Search code examples
rggplot2nestedboxplotggh4x

Problem with reordering a nested x-axis with ggh4x package


I am using the package ggh4x and the following set and code to create a boxplot with a nested relation between two categorical variables.

Data used

set1 <- structure(list(Tx = c("Not Exposed", "Not Exposed", "Not Exposed", "Not Exposed", "Not Exposed", "Not Exposed", "Not Exposed", "Not Exposed", 
"Not Exposed", "Not Exposed", "Exposed", "Exposed", "Exposed", "Exposed", "Exposed", 
"Exposed", "Exposed", "Exposed", "Exposed", "Exposed", "Not Exposed", "Not Exposed", 
"Not Exposed", "Not Exposed", "Not Exposed", "Not Exposed", "Not Exposed", "Not Exposed", "Not Exposed", "Not Exposed", "Exposed", "Exposed", 
"Exposed", "Exposed", "Exposed", "Exposed", "Exposed", "Exposed", 
"Exposed", "Exposed"), Species = structure(c(1L, 1L, 1L, 1L, 
1L, 1L, 1L, 1L, 1L, 1L, 1L, 1L, 1L, 1L, 1L, 1L, 1L, 1L, 1L, 1L, 
2L, 2L, 2L, 2L, 2L, 2L, 2L, 2L, 2L, 2L, 2L, 2L, 2L, 2L, 2L, 2L, 
2L, 2L, 2L, 2L), levels = c("Species1", "Species2"), class = "factor"), Size = c(88.5, 
83.3, 59.5, 78, 50.3, 57, 78.2, 59, 85, 59.5, 13.1, 50.1, 55, 
60.1, 13.8, 27, 57.1, 53.1, 42, 16, 88.8, 26.2, 62, 108.5, 92.3, 
74.4, 77.3, 96, 88.7, 77.8, 50.7, 61.9, 65.1, 63.5, 64, 88.6, 
53.8, 82.1, 78.8, 75.6)), row.names = c(NA, -40L), class = c("tbl_df", 
"tbl", "data.frame"))

Nested boxplot

library(ggplot2)
library(ggh4x)

ggplot(set1, aes(x=interaction(Tx, Species), y=Size)) +
  stat_boxplot(geom="errorbar", width = 0.15) +
  geom_boxplot(show.legend=FALSE, outlier.shape = NA, aes(fill = interaction(Tx, Species))) +               
  geom_jitter(width = 0.1, shape=21, colour="black", fill="grey95", stroke=0.5, size=1) +
  guides(x="axis_nested") +
  theme_classic() +   
  theme(axis.title = element_text(face="bold"), 
        text = element_text(family = "serif", size = 12.5))

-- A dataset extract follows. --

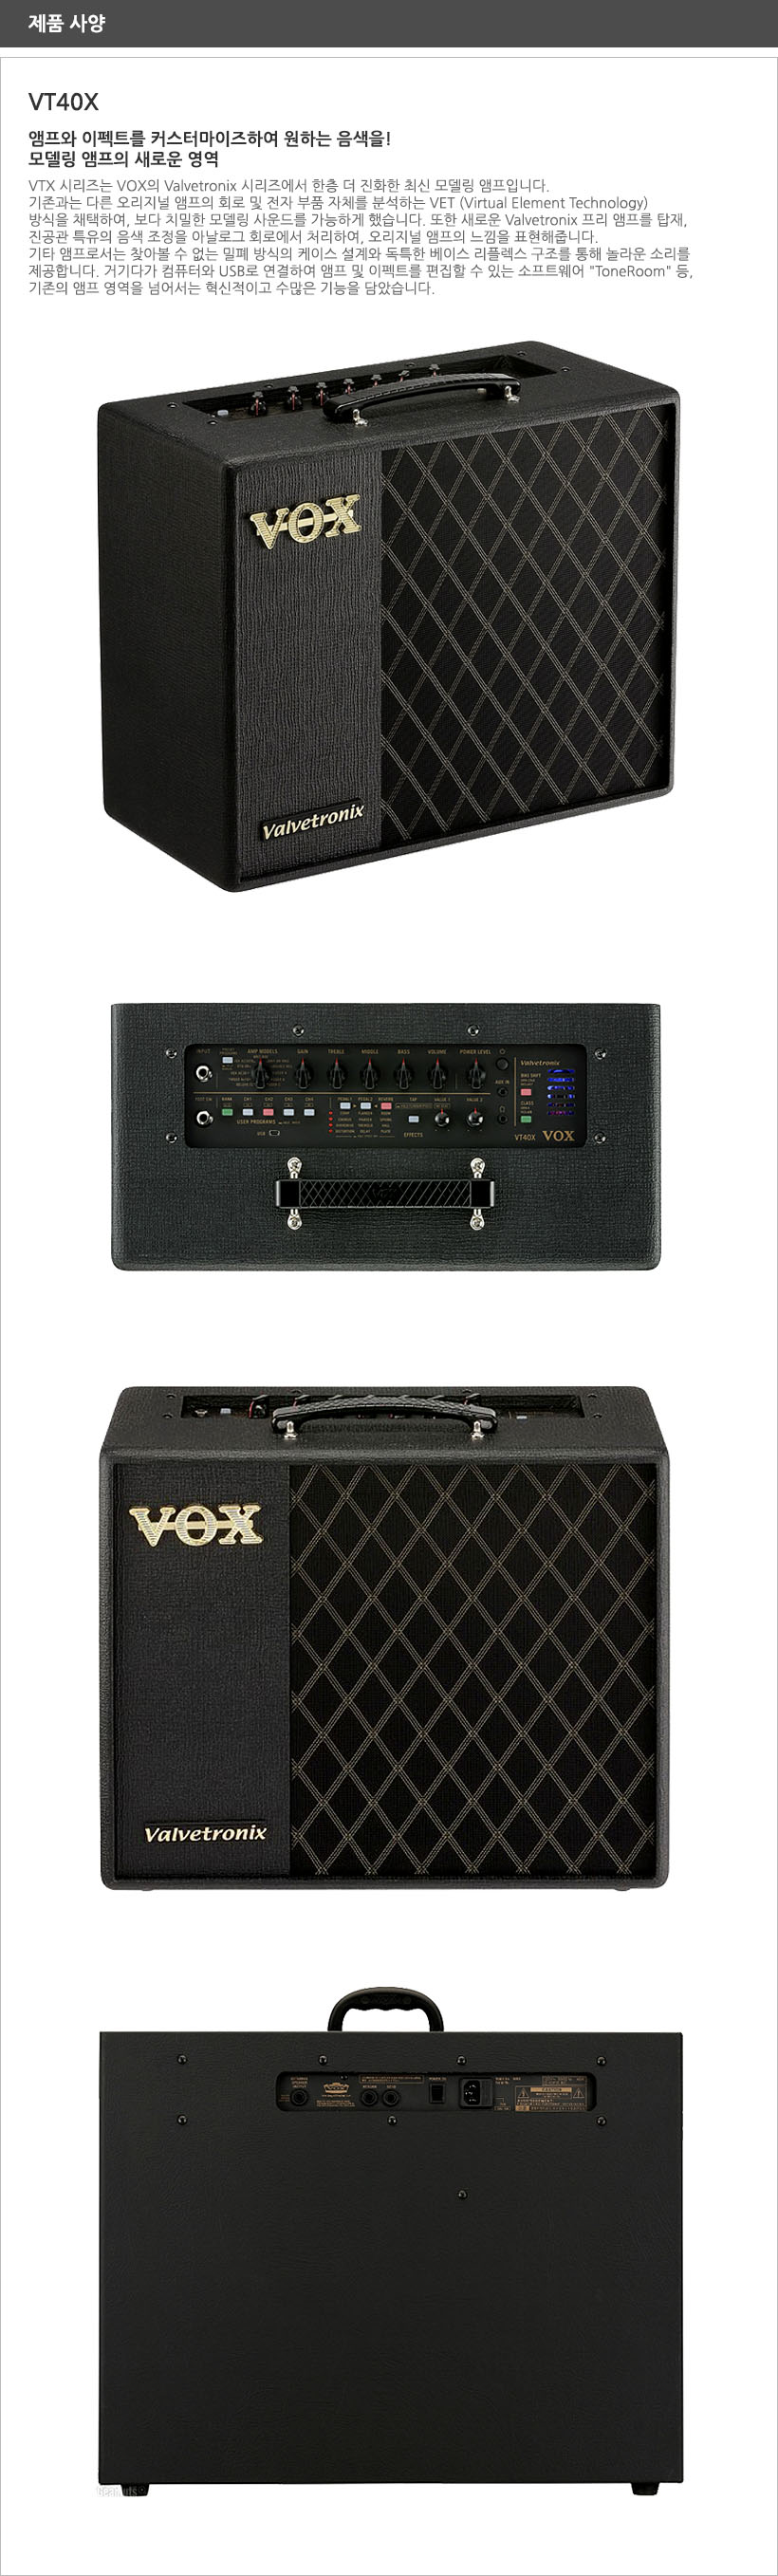 VT40X 제품구성

enter image description here Right now, the nested relation is displayed on the x-axis just like I wanted. However, the order of the groups is alphabetically, and I'd like to select it myself (with the "Not Exposed" group before "Exposed").

I tried doing it with weave_factors() instead of interaction(), but then the plot doesn't display the nested relation correctly.

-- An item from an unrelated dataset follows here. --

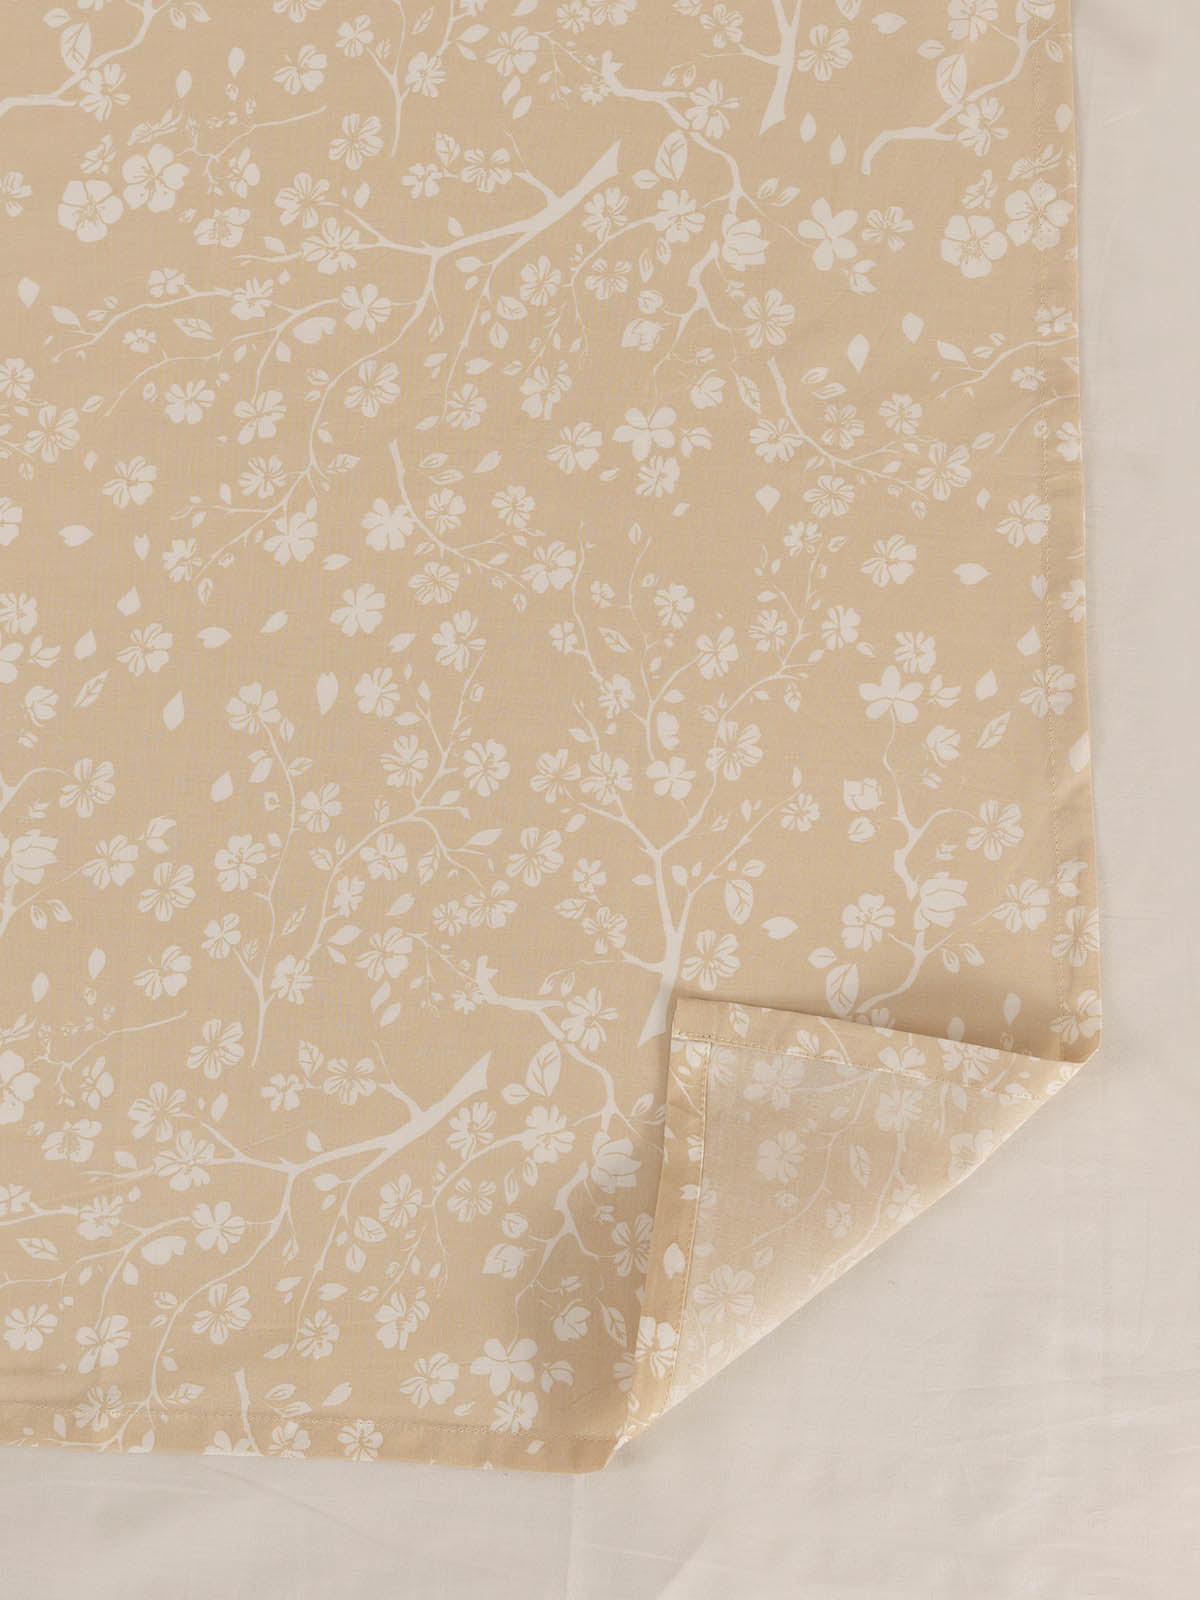 Cherry Blossom Printed Cotton Flat Sheet - Cream

Is there an existing method to selectively reorder the groups ? enter image description here


Solution

  • In 99.9% of questions related to the (re-)ordering of axes, facets or legends the answer is always the same:

    Convert your variable()s to factor(s) with the order of the levels set according to the desired order.

    While there is an option to achieve your desired result using weave_factors, it depends on the order of the data (and some additional changes, see below), and hence I think the more robust approach to make Not Exposed the first category is to use

    set1$Tx <- factor(set1$Tx, levels = c("Not Exposed", "Exposed"))
    

    or relevel as in the answer by @StephanLaurent or depending on the desired order one of the several convenience functions in the forcats package.

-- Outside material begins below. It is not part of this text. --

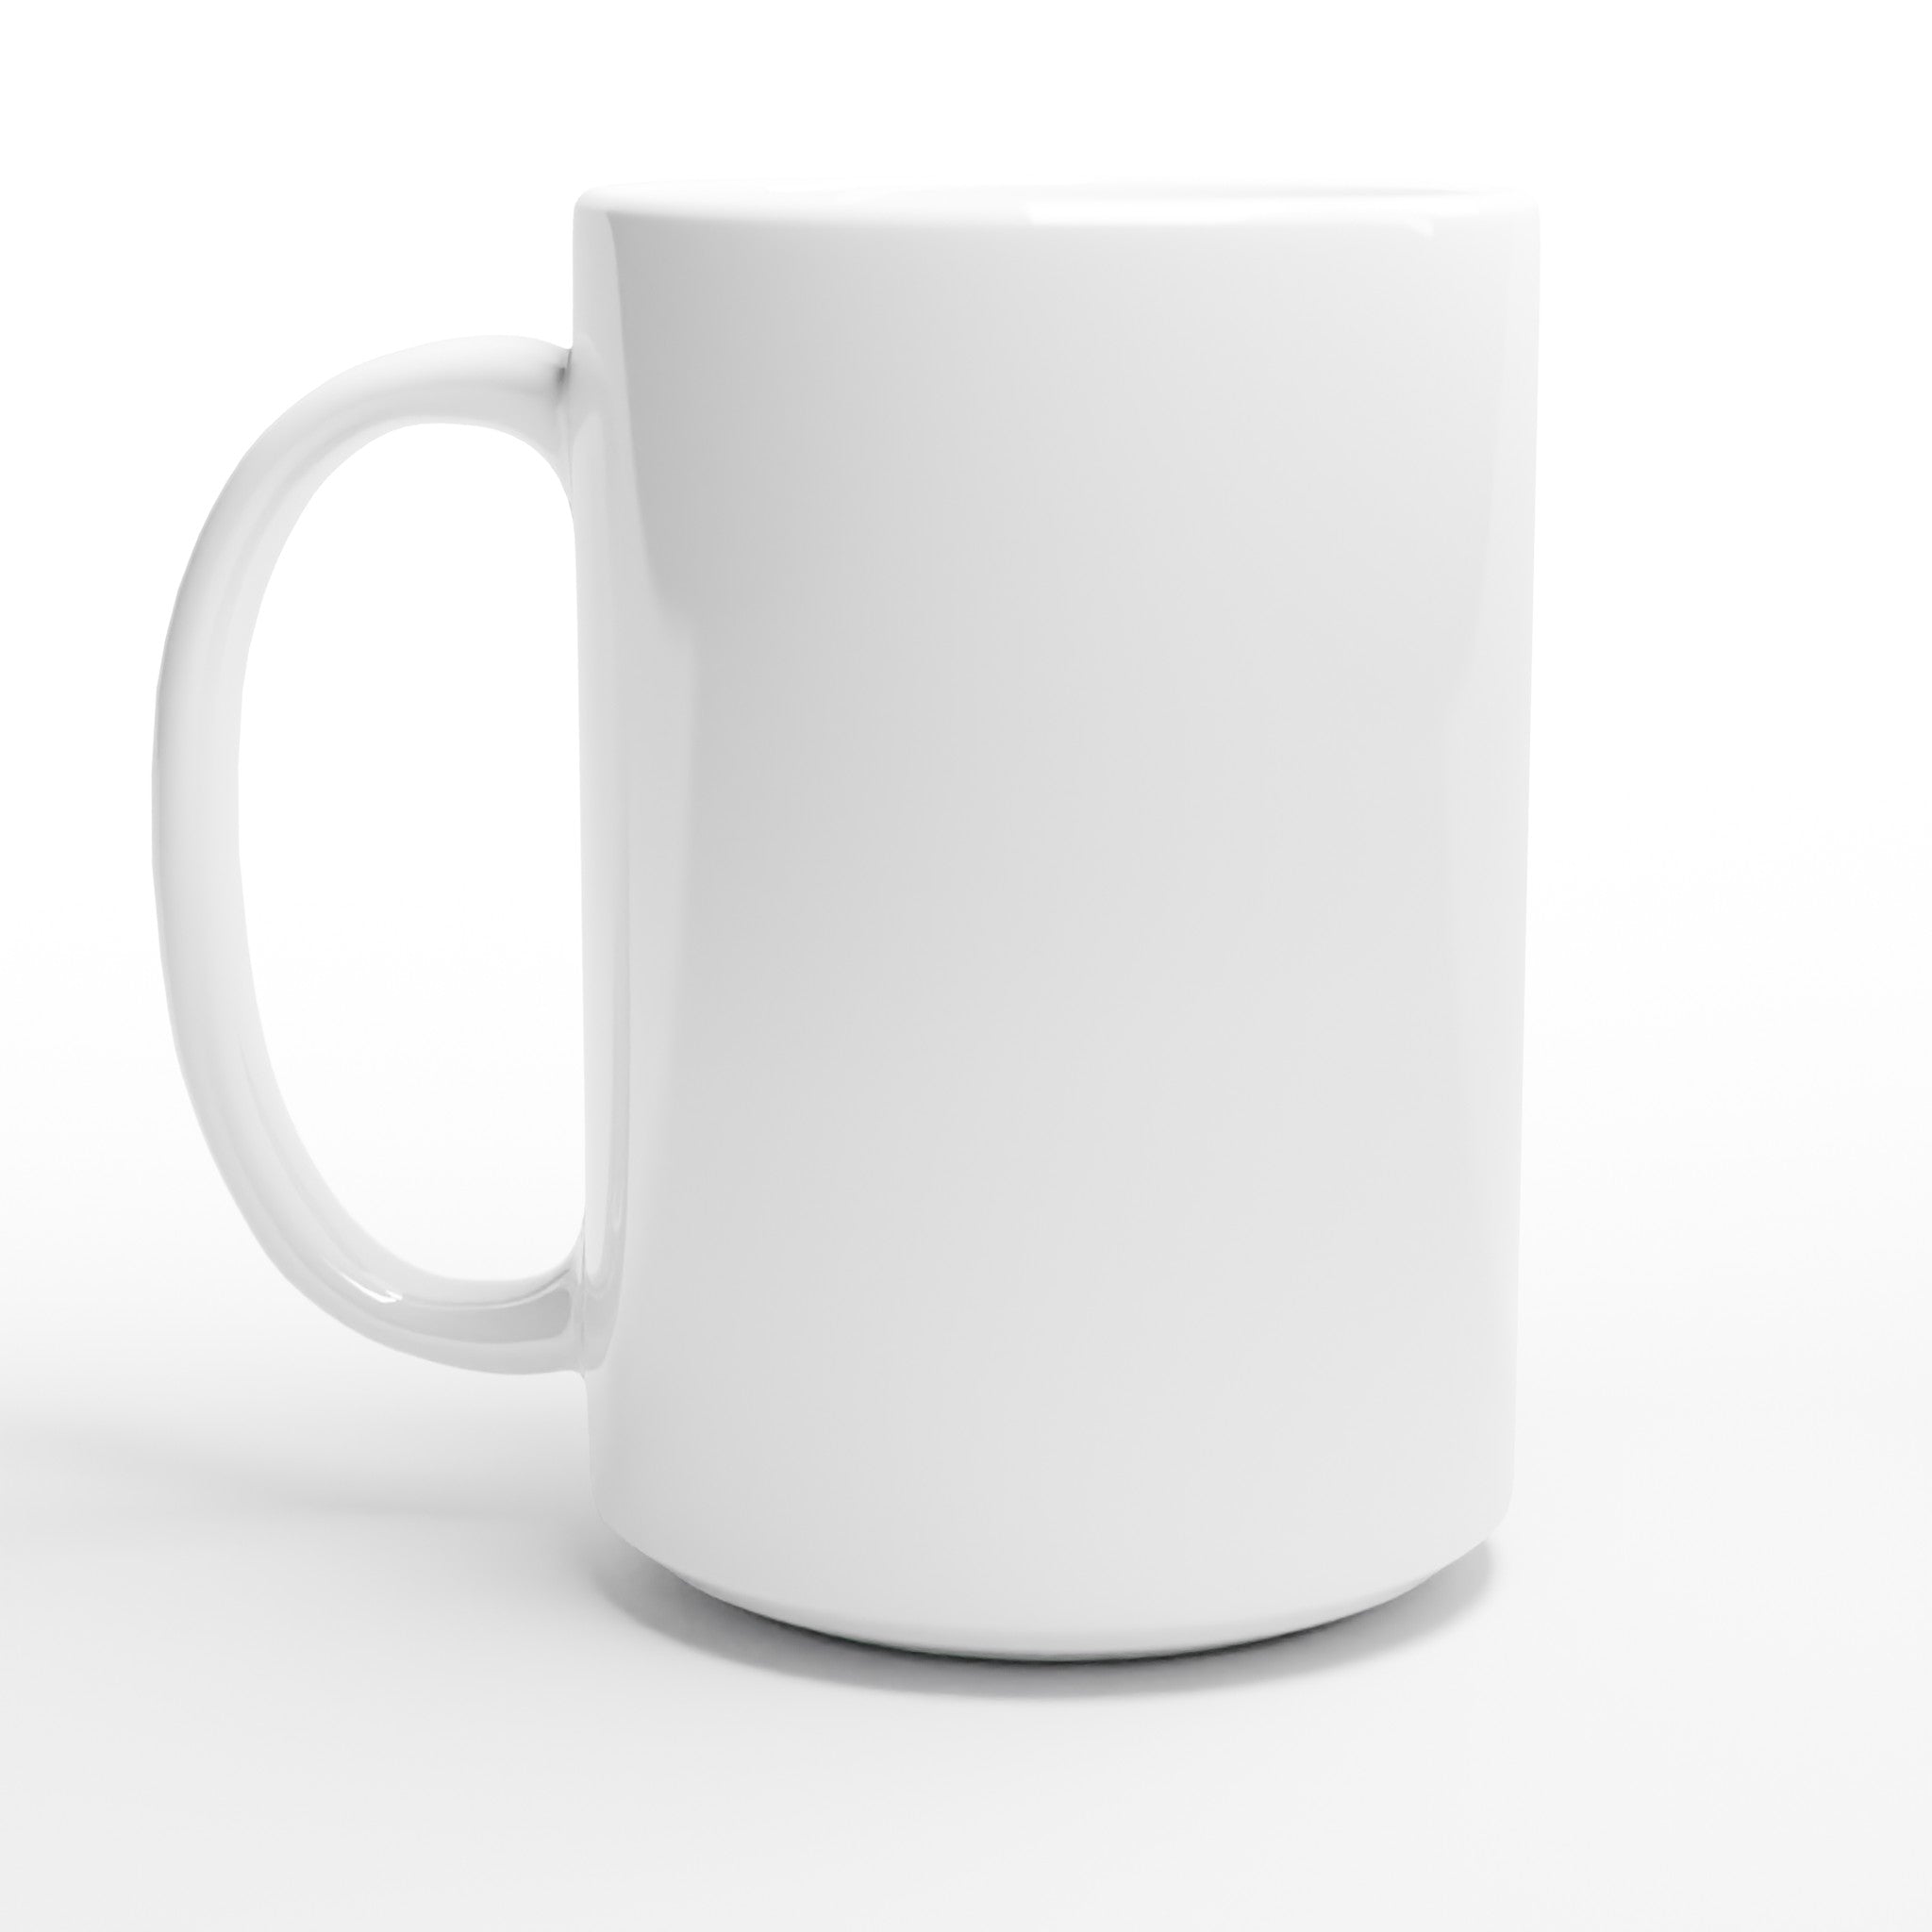 Personalized White 15oz Ceramic Mug - Optimalprint

    However, when doing so you have to use interaction to get the desired nested axis (as in all examples in the docs, see ?guide_axis_nested).

    library(ggplot2)
    library(ggh4x)
    
    set1$Tx <- factor(set1$Tx, levels = c("Not Exposed", "Exposed"))
    
    ggplot(set1, aes(x = interaction(Tx, Species), y = Size)) +
      stat_boxplot(geom = "errorbar", width = 0.15) +
      geom_boxplot(
        show.legend = FALSE, outlier.shape = NA,
        aes(fill = interaction(Tx, Species))
      ) +
      geom_jitter(
        width = 0.1, shape = 21, colour = "black",
        fill = "grey95", stroke = 0.5, size = 1
      ) +
      guides(x = "axis_nested") +
      theme_classic() +
      theme(
        axis.title = element_text(face = "bold"),
        text = element_text(family = "serif", size = 12.5)
      )
    

    However, for your (example) data and accounting for how weave_factors works and differs from interaction (see below) you could actually achieve your desired result without converting to a factor by switching the order in which you pass Species and Tx to weave_factors and by using the more verbose guide_axis_nested() with inv=TRUE:

    library(ggplot2)
    library(ggh4x)
    
    # Just to ensure that Tx is a non-factor 
    set1$Tx <- as.character(set1$Tx)
    
    ggplot(set1, aes(x = weave_factors(Species, Tx), y = Size)) +
      stat_boxplot(geom = "errorbar", width = 0.15) +
      geom_boxplot(
        show.legend = FALSE, outlier.shape = NA,
        aes(fill = weave_factors(Species, Tx))
      ) +
      geom_jitter(
        width = 0.1, shape = 21, colour = "black",
        fill = "grey95", stroke = 0.5, size = 1
      ) +
      guides(x = guide_axis_nested(inv = TRUE)) +
      theme_classic() +
      theme(
        axis.title = element_text(face = "bold"),
        text = element_text(family = "serif", size = 12.5)
      )
    

    weave_factors vs. interaction:

    weave_factors differs from interaction in two respects (see ? weave_factors:

    1. it orders the new levels such that the levels of the first input variable is given priority over the second input.

    2. it treats non-factor inputs as if their levels were unique(as.character(x)), i.e. the levels are set in the order as in the data (similar to what forcats::fct_inorder does)

    For that reason weave_factors gives IMHO a more natural ordering of the levels of the combined factors

    weave_factors(set1$Tx, set1$Species) |> levels()
    #> [1] "Not Exposed.Species1" "Not Exposed.Species2" "Exposed.Species1"    
    #> [4] "Exposed.Species2"
    

    i.e. the levels of combined factor are "ordered" first by the first input, then the second whereas with interaction it's the other way around:

    interaction(set1$Tx, set1$Species) |> levels()
    #> [1] "Not Exposed.Species1" "Exposed.Species1"     "Not Exposed.Species2"
    #> [4] "Exposed.Species2"